The original scatter plot (weight vs mpg)
The regression line with your predictions

# TODO: Make predictions for different weights
weights_to_predict = [2500, 3000, 3500, 4000, 4500]

# Your code here - make predictions


# Print predictions
# print("Weight (lbs) | Predicted MPG")
# print("-" * 30)
# for w, mpg in zip(weights_to_predict, predictions):
#     print(f"{w:12} | {mpg:.2f}")

# TODO: Create a plot with scatter points and regression line
plt.figure(figsize=(10, 6))

# Step 1: Plot original data as scatter
# Step 2: Plot regression line
# Step 3: Mark the predicted points

# Your code here


plt.tight_layout()
plt.show()

Part 5: Correlation Pitfalls (15 points)#

Understanding the limitations of correlation is crucial.

Task 5.1: Non-linear Relationships (5 points)#

TODO: The relationship between acceleration and mpg might not be perfectly linear. Create a scatter plot and calculate the correlation. Is correlation the best measure for this relationship?

# TODO: Analyze the acceleration vs mpg relationship
# Create scatter plot and calculate correlation

plt.figure(figsize=(10, 6))

# Your code here


plt.tight_layout()
plt.show()

# Calculate and print correlation
# r_accel_mpg = ...
# print(f"Correlation between acceleration and mpg: {r_accel_mpg:.3f}")

Task 5.2: Correlation vs Causation (5 points)#

TODO: Answer the following question in the markdown cell below:

We found a strong negative correlation between weight and mpg. Does this mean that:

Making a car heavier causes it to have lower mpg?
What are potential confounding variables?
Can we conclude causation from this correlation?

Your Answer:

Write your answer here discussing causation vs correlation, and potential confounding variables

Task 5.3: Pearson vs Spearman (5 points)#

TODO: Calculate both Pearson and Spearman correlations for horsepower vs mpg. Which one is more appropriate and why?

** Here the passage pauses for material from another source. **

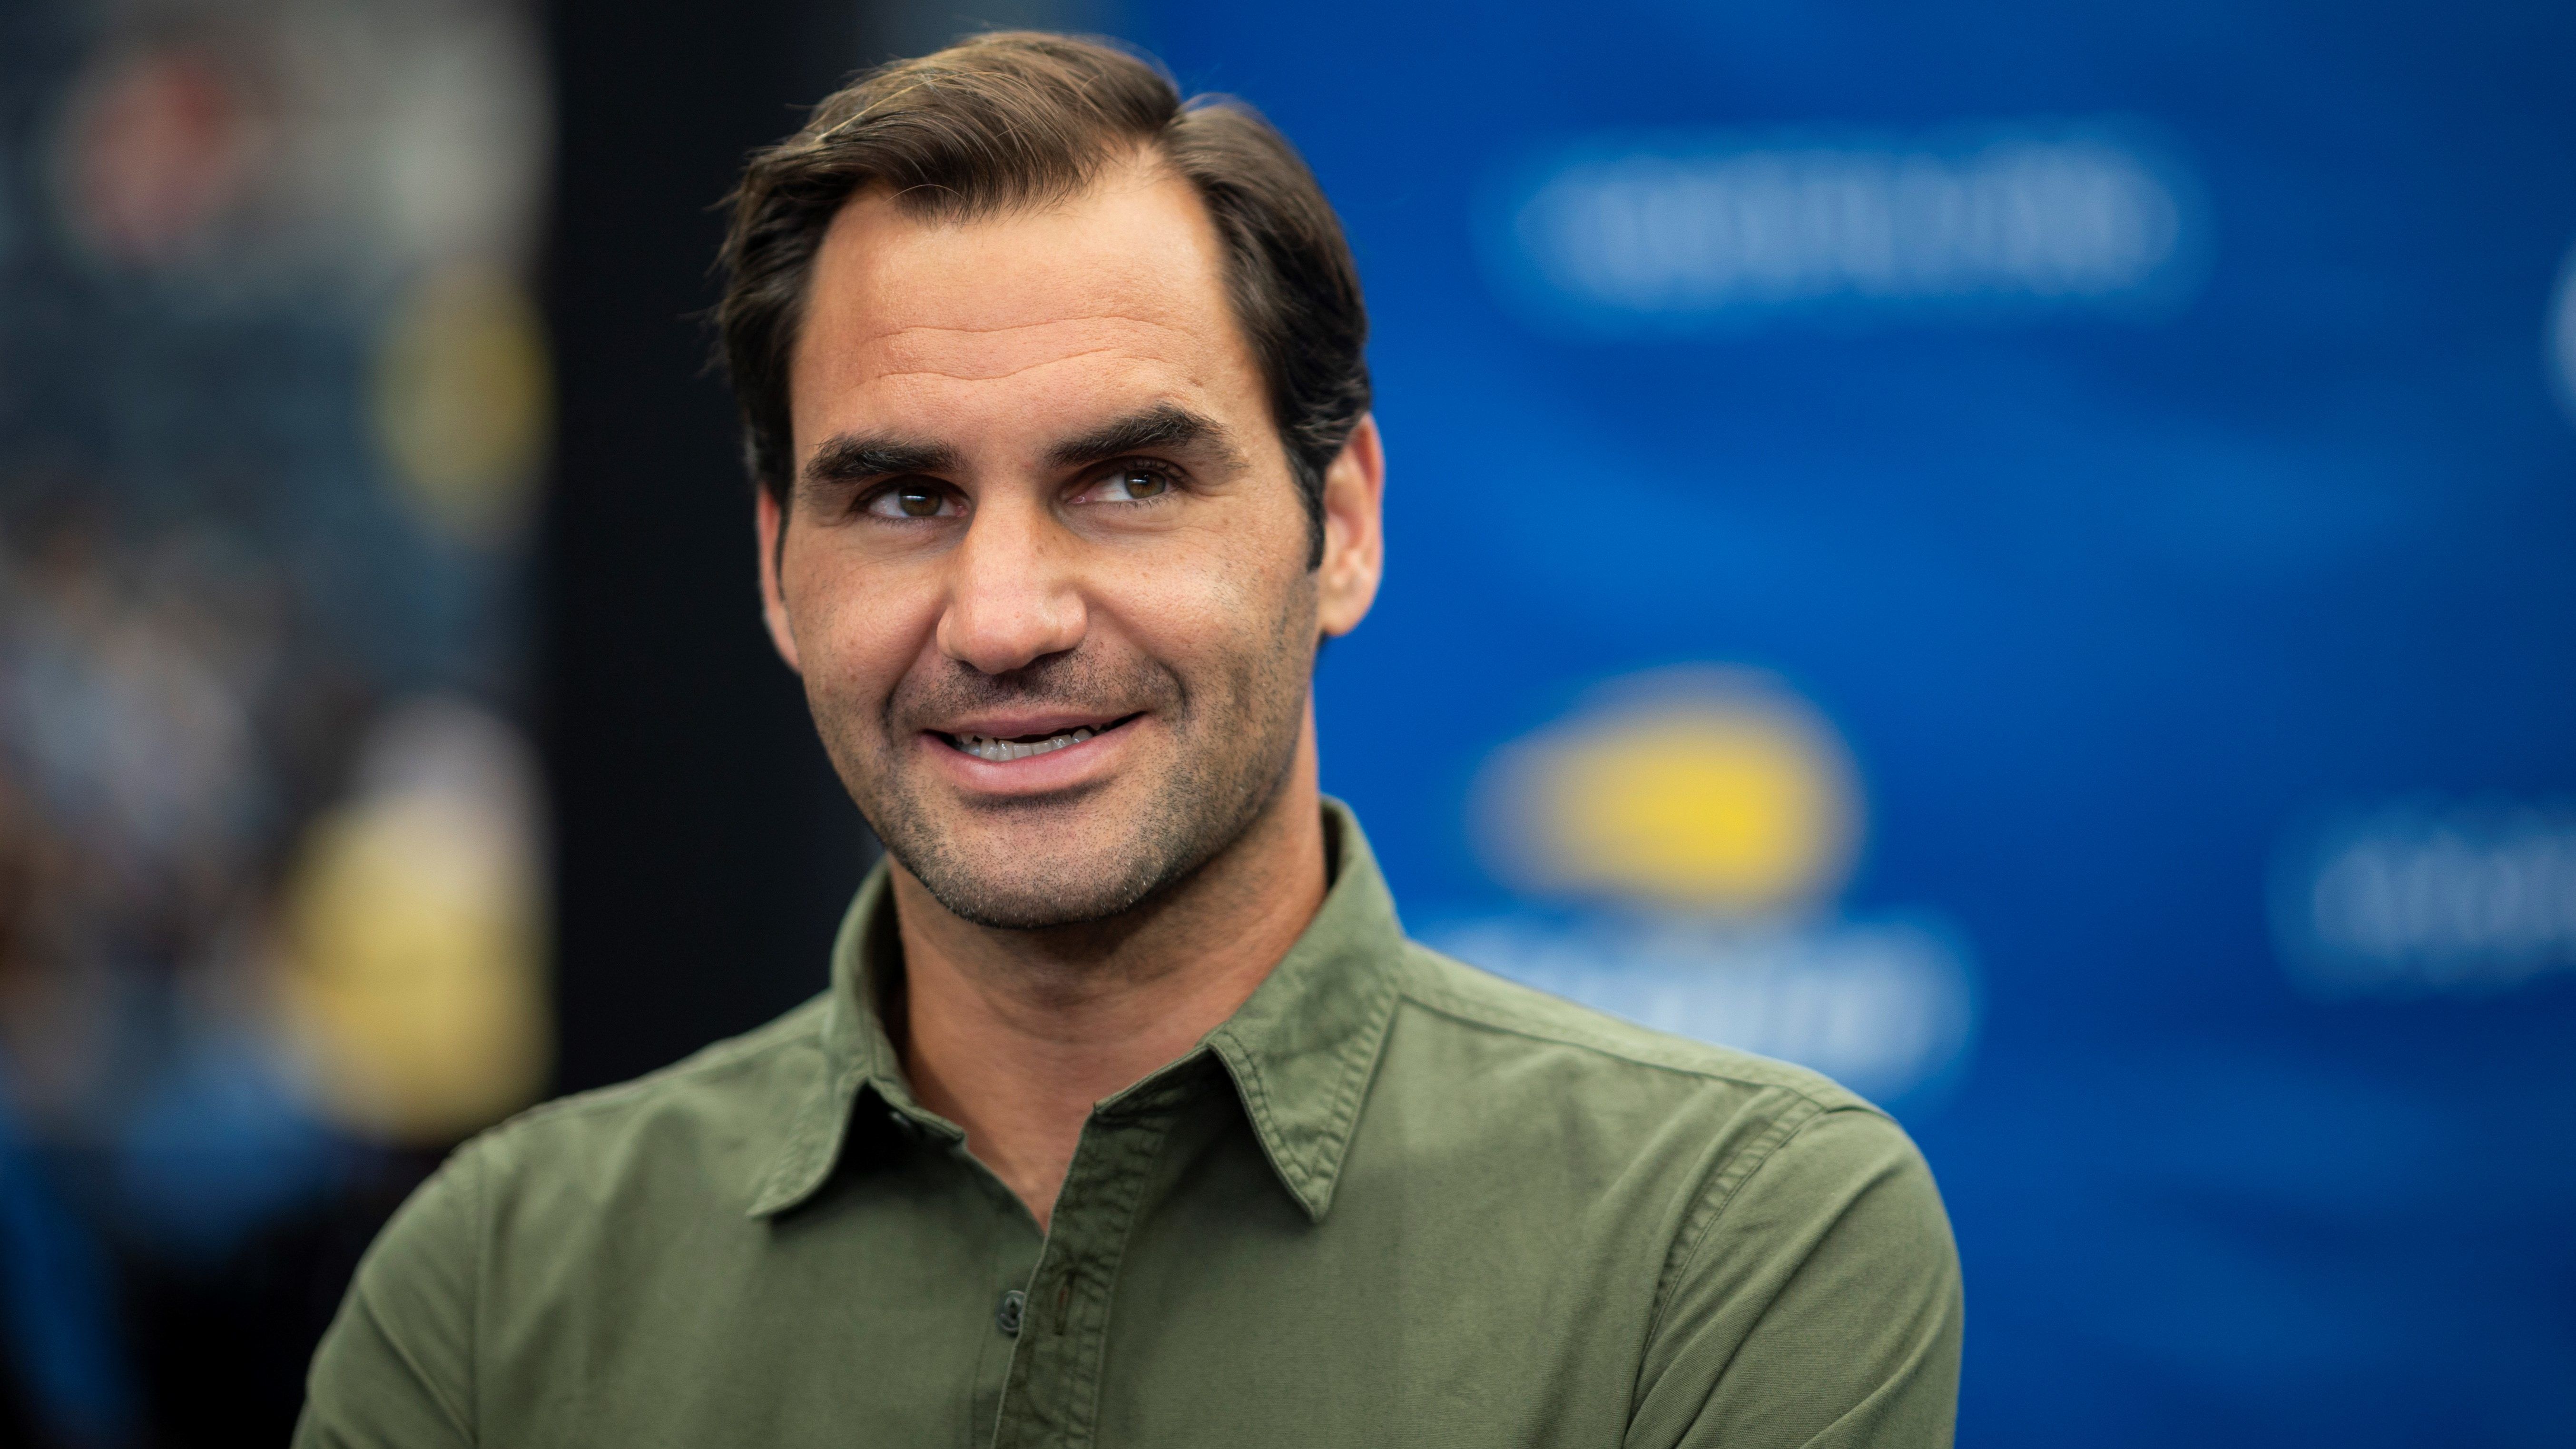 Roger Federer óriási összeggel szállt be a koronavírus elleni harcba
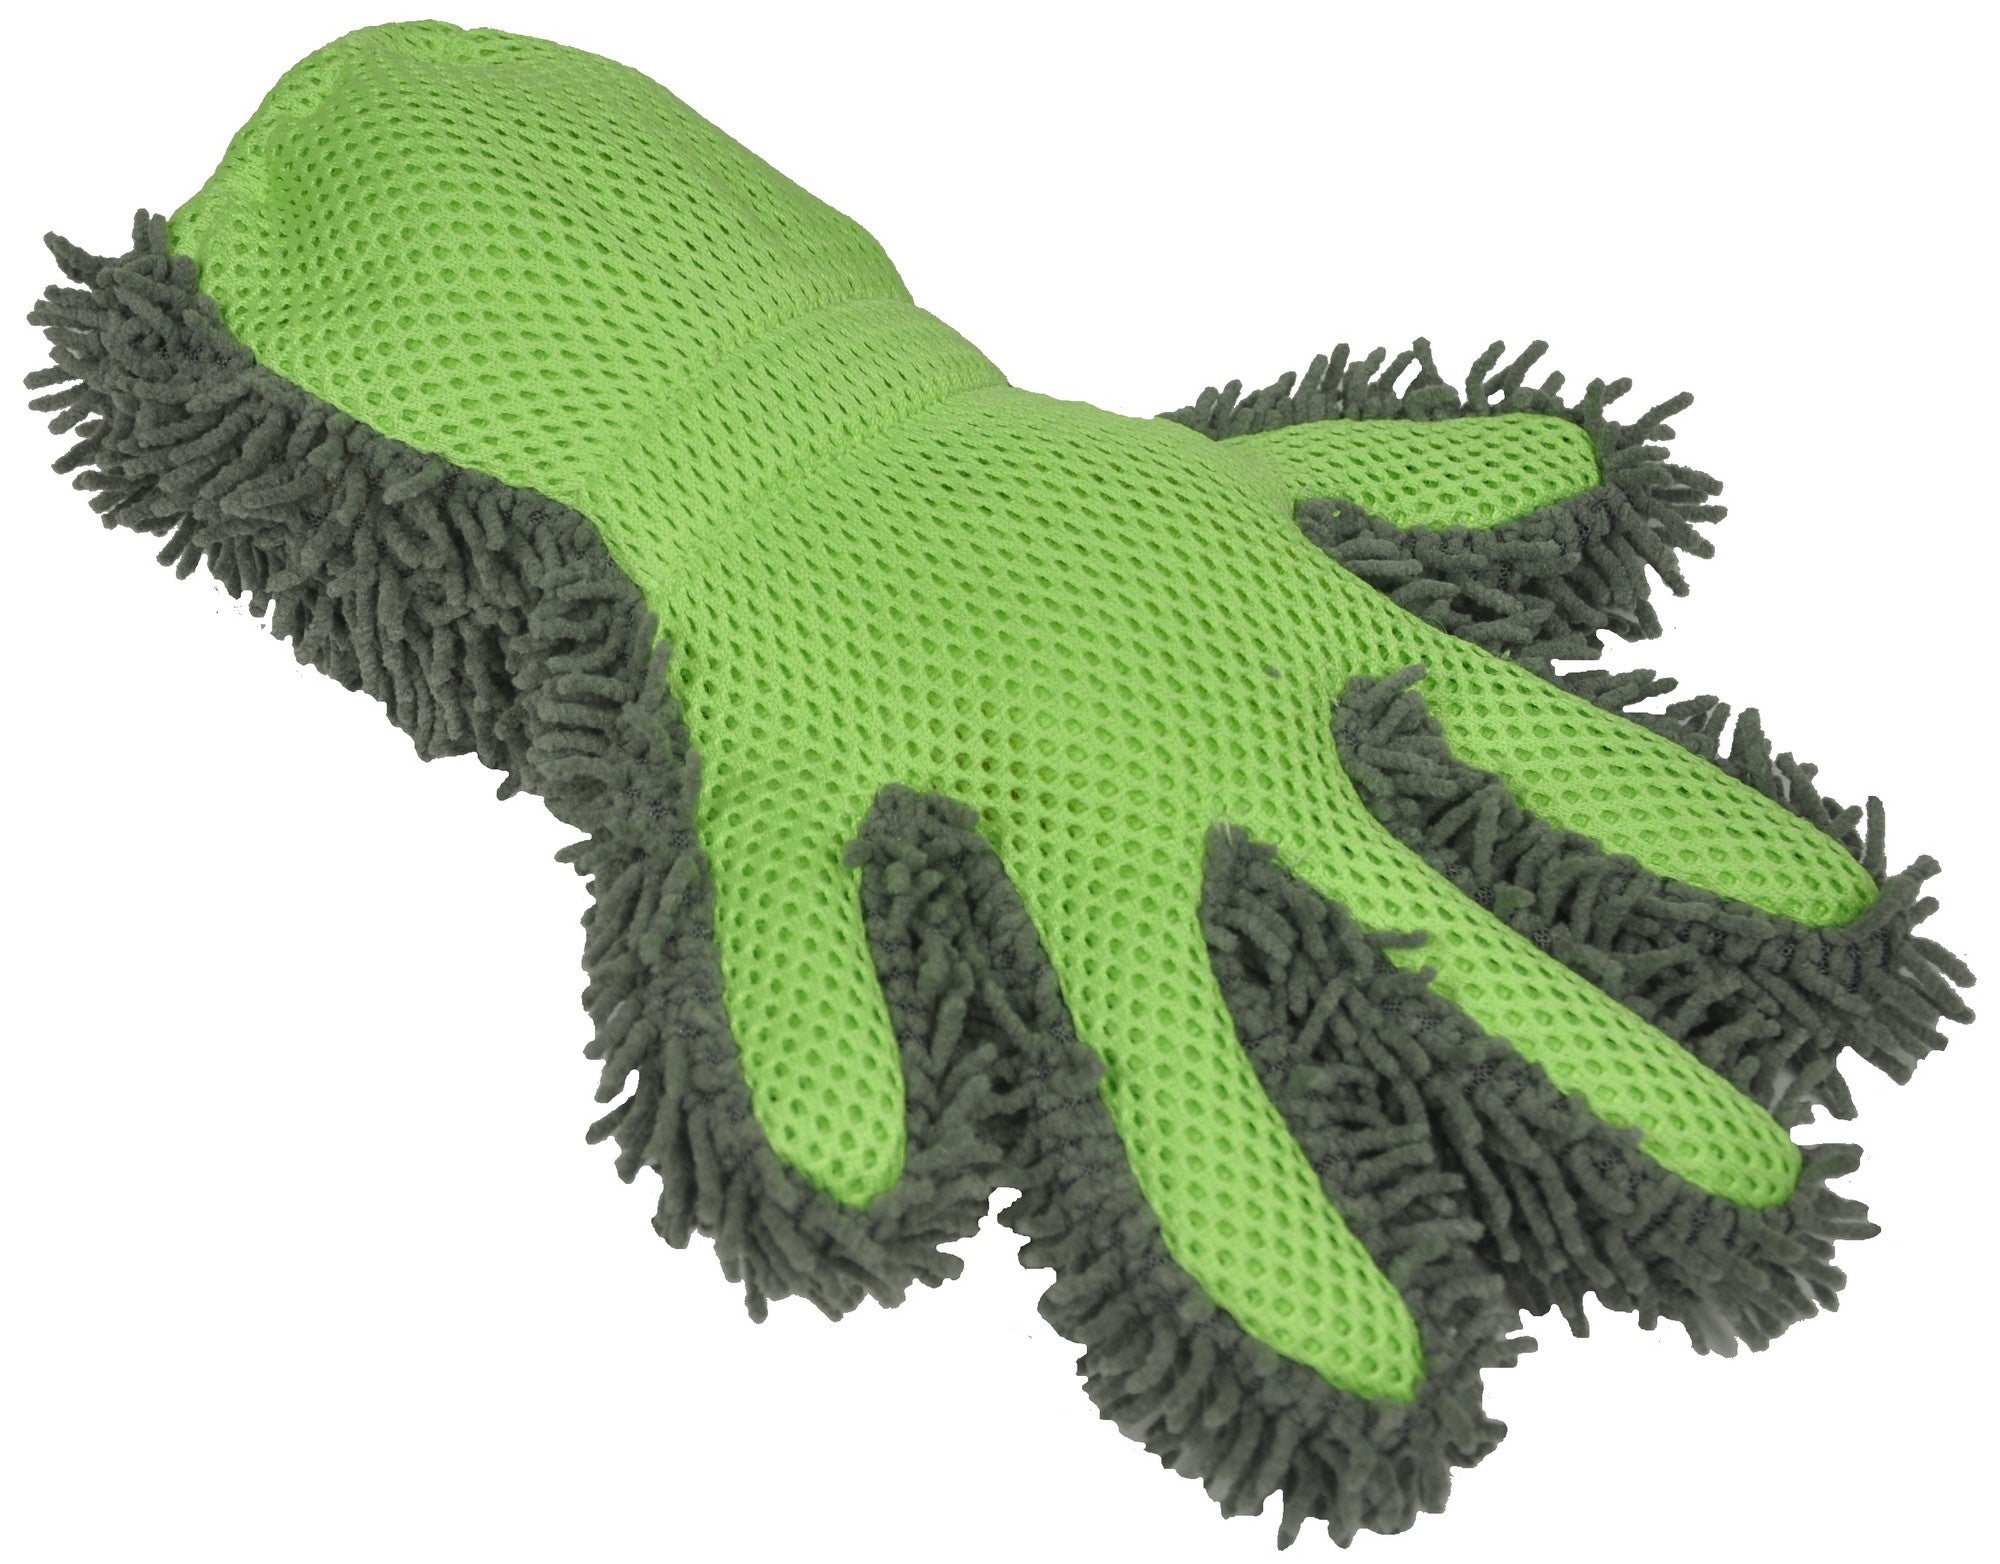 M-6326 Matin Microfiber Gloves Dust Fingerprint Proof (White) For

# TODO: Calculate Pearson and Spearman correlations
# Hint: Use stats.pearsonr() and stats.spearmanr()

# Your code here


# print(f"Pearson correlation:  {r_pearson:.4f}")
# print(f"Spearman correlation: {r_spearman:.4f}")

Bonus Challenge (10 extra points)#

For extra credit, complete the following challenge.

Bonus: Multi-variable Analysis#

TODO: Investigate whether the relationship between weight and mpg differs by origin (USA, Europe, Japan).

Calculate the correlation between weight and mpg separately for each origin
Create a visualization showing the different relationships
Explain your findings

# BONUS: Analyze weight-mpg correlation by origin
# Calculate correlations for each origin group

# Your code here

# BONUS: Create visualization with separate regression lines for each origin

plt.figure(figsize=(12, 6))

# Your code here

plt.tight_layout()
plt.show()

Bonus Question:#

What do the different correlations by origin tell us? Is the weight-mpg relationship consistent across all origins, or are there differences?